Although he admitted to Wall Street (as per Deadline) that Disney’s relationship with China is “very complicated, both from a business standpoint and from a political standpoint,” he said that Doctor Strange in the Multiverse of Madness is proof that the studio doesn’t need China’s large market to succeed in the industry:
“It is worth noting, I think, though, that at the time that we are having some difficulty in getting our films in China, that Doctor Strange [2] did extraordinarily well . . . So we’re pretty confident that even without China, if it were to be that we continue to have difficulties in getting titles in there, that it doesn’t really preclude our success given the relatively lower take rate that we get on the box office in China than we do across the rest of the world.”
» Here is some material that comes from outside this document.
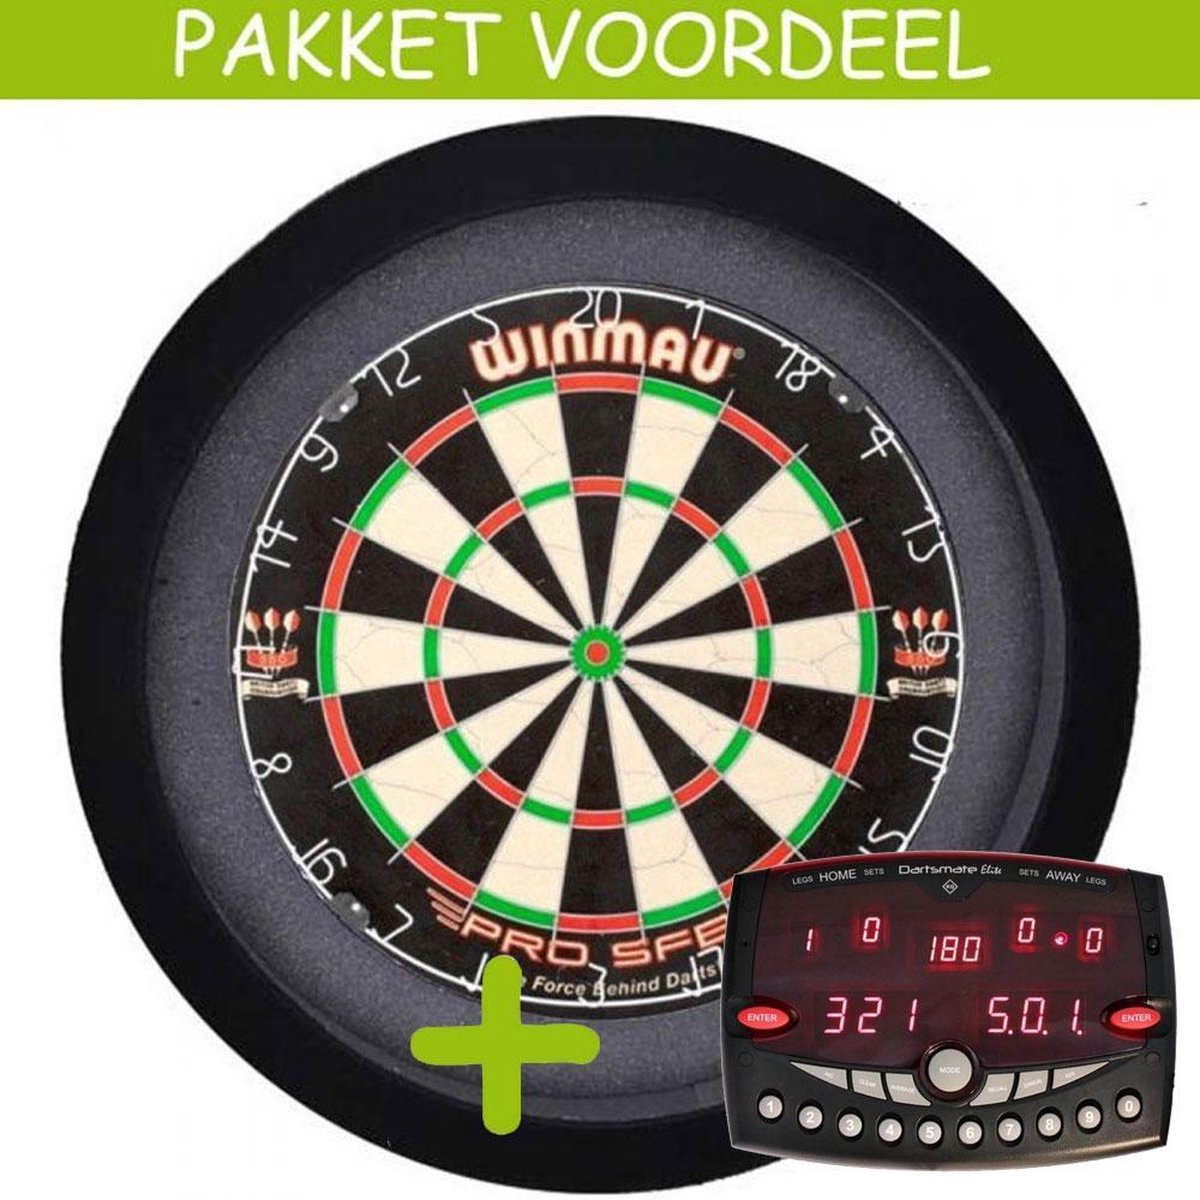 Elektronisch Dart Scorebord VoordeelPakket (Elite ) - Pro SFB - Dartbordverlichting Basic (Zwart)

Although the first Doctor Strange was released in China and grossed $110 million, the second is still with the review board, which allegedly objected to a scene in whose background sits a newspaper stand that references The Epoch Times, a media company and rival of China’s state-run Communist Party. Despite Disney continuously submitting its films to China, the last MCU project to legally appear in the country was 2019’s Avengers: Endgame.
The reasons for the rejections are usually complicated or not given at all. Films are said to languish in a Propaganda Department purgatory, never to get released.
You can see what China’s missing out on by watching Doctor Strange in the Multiverse of Madness, which has just passed the $500 million box office mark.